Shot transition detection explained

Shot transition detection (or simply shot detection) also called cut detection is a field of research of video processing. Its subject is the automated detection of transitions between shots in digital video with the purpose of temporal segmentation of videos.

Use

Shot transition detection is used to split up a film into basic temporal units called shots; a shot is a series of interrelated consecutive pictures taken contiguously by a single camera and representing a continuous action in time and space.
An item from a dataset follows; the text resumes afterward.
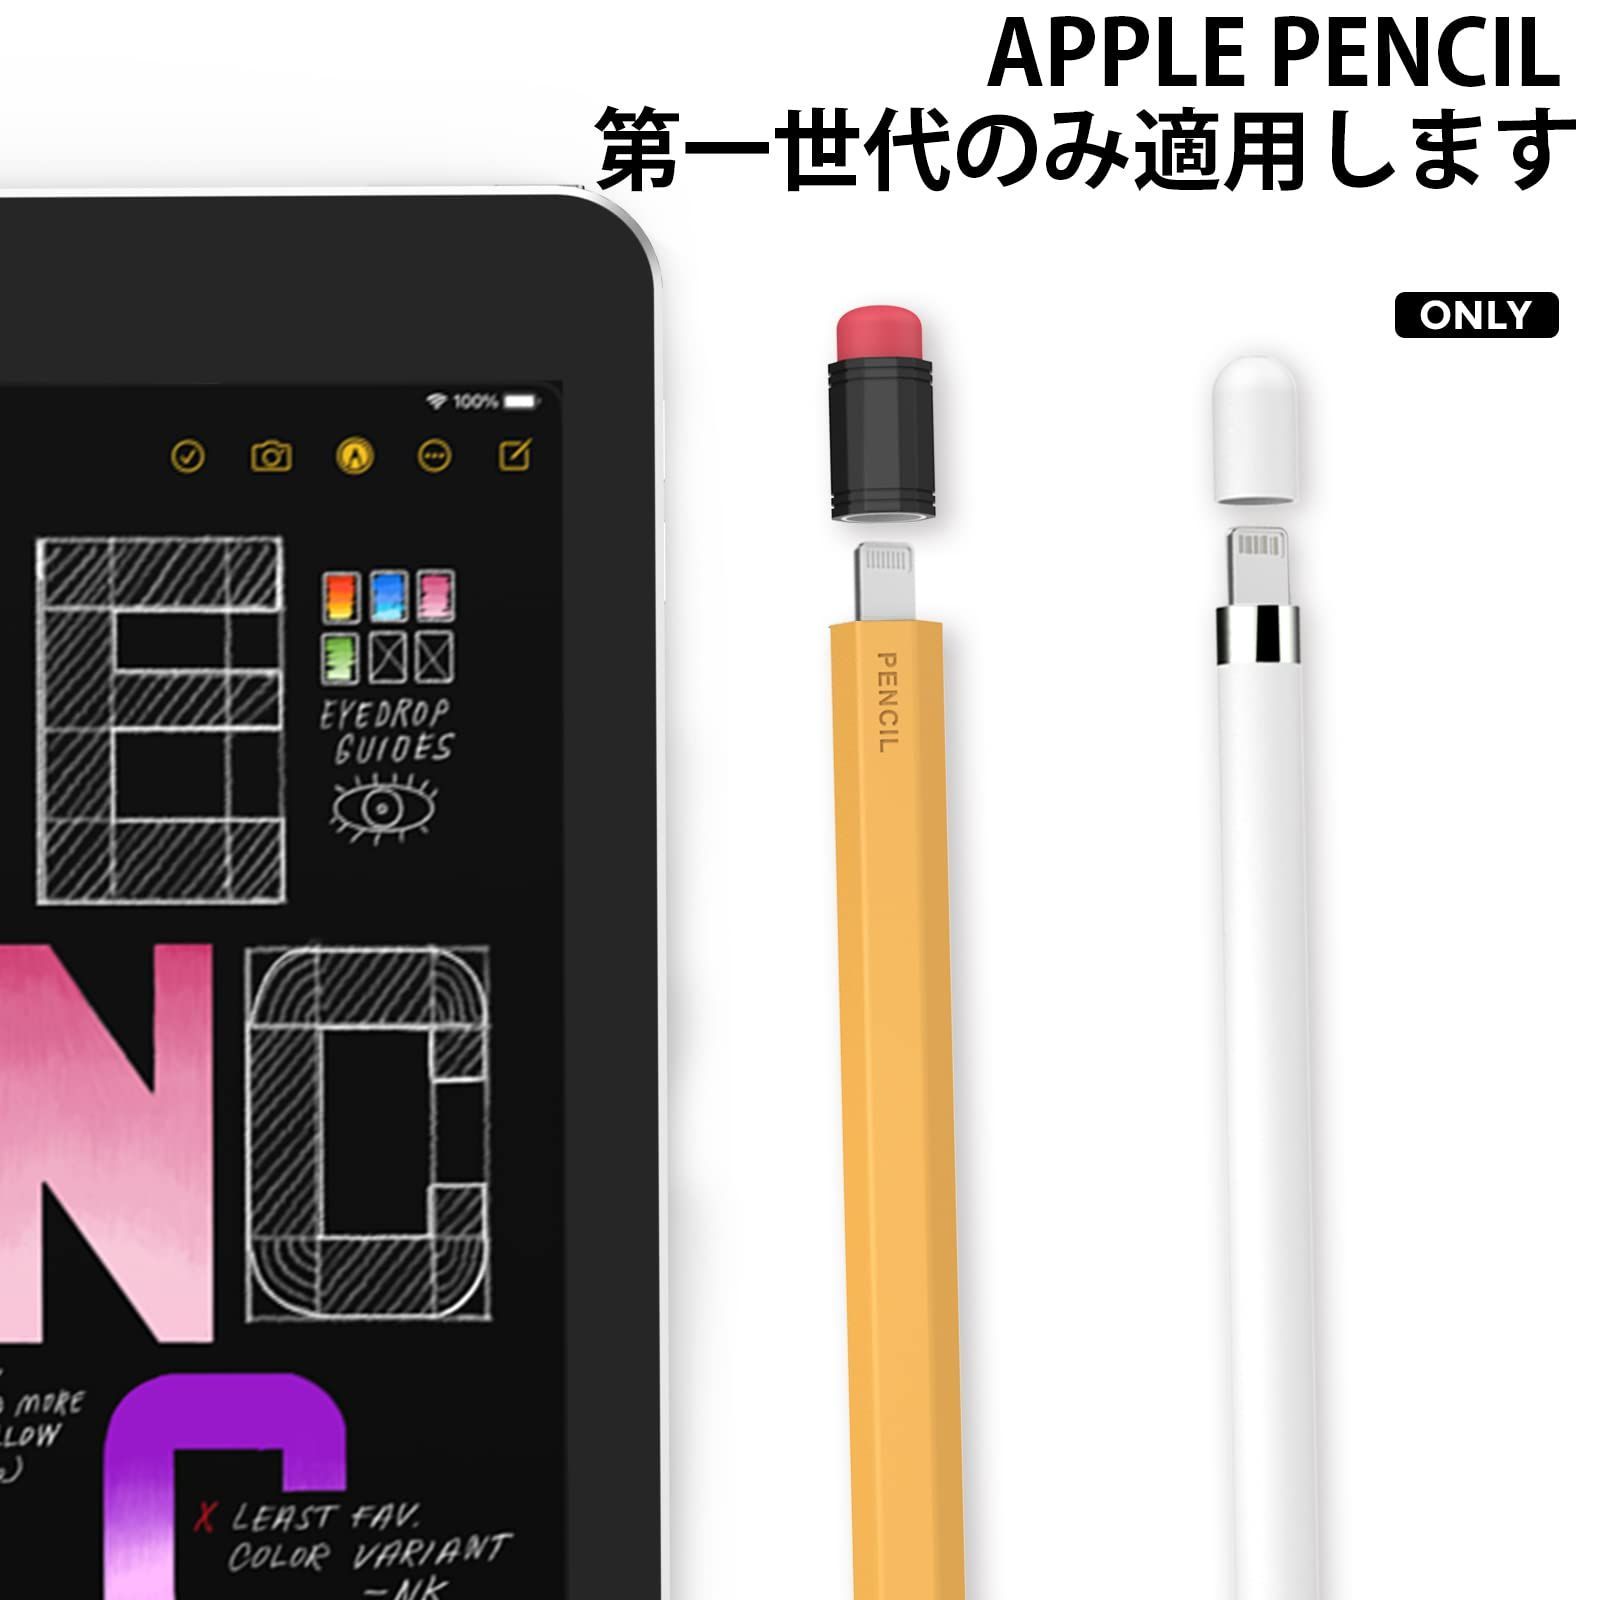 柔らかなシリコン材質 鉛筆レトロデザイン Apple Apple Pencil Pencil ...

This operation is of great use in software for post-production of videos. It is also a fundamental step of automated indexing and content-based video retrieval or summarization applications which provide an efficient access to huge video archives, e.g. an application may choose a representative picture from each scene to create a visual overview of the whole film and, by processing such indexes, a search engine can process search items like "show me all films where there's a scene with a lion in it."
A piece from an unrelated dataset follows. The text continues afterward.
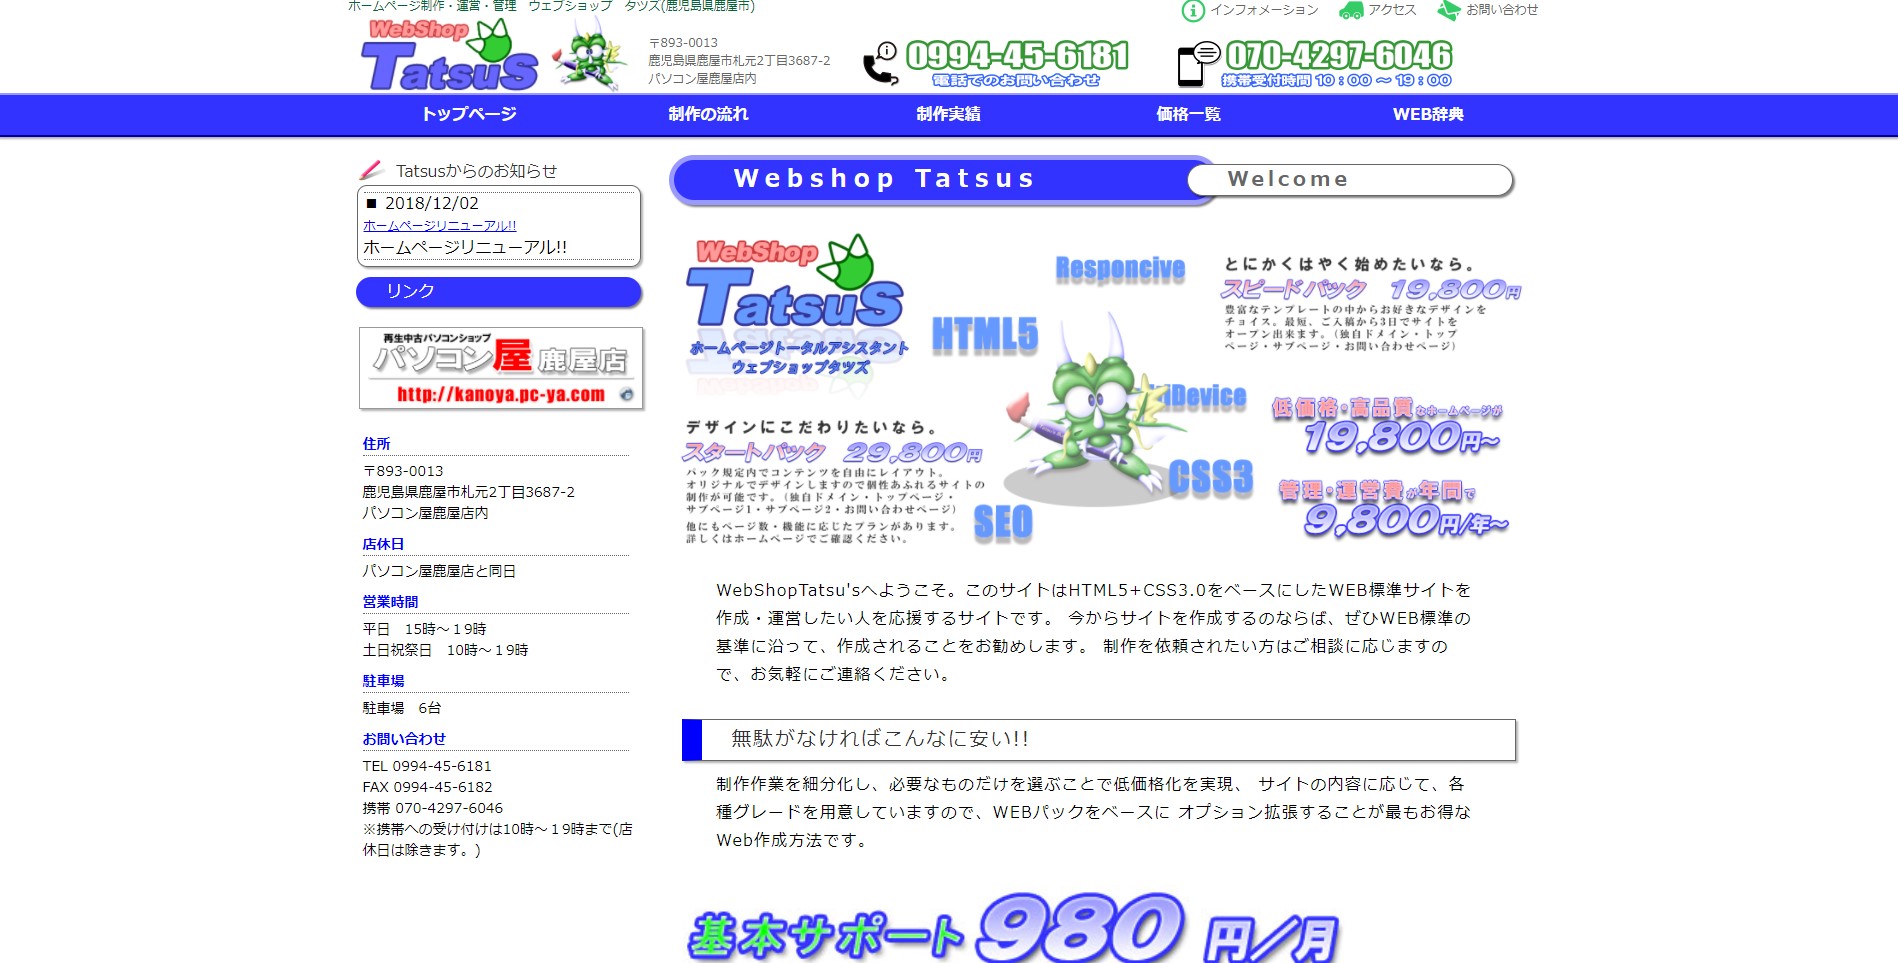 Web Shop Tatsu'

Cut detection can do nothing that a human editor couldn't do manually, however it is advantageous as it saves time. Furthermore, due to the increase in the use of digital video and, consequently, in the importance of the aforementioned indexing applications, the automatic cut detection is very important nowadays.

Basic technical terms

In simple terms cut detection is about finding the positions in a video in that one scene is replaced by another one with different visual content. Technically speaking the following terms are used:

A digital video consists of frames that are presented to the viewer's eye in rapid succession to create the impression of movement. "Digital" in this context means both that a single frame consists of pixels and the data is present as binary data, such that it can be processed with a computer. Each frame within a digital video can be uniquely identified by its frame index, a serial number.

A shot is a sequence of frames shot uninterruptedly by one camera. There are several film transitions usually used in film editing to juxtapose adjacent shots; In the context of shot transition detection they are usually group into two types:

"Detecting a cut" means that the position of a cut is gained; more precisely a hard cut is gained as "hard cut between frame i and frame i+1", a soft cut as "soft cut from frame i to frame j".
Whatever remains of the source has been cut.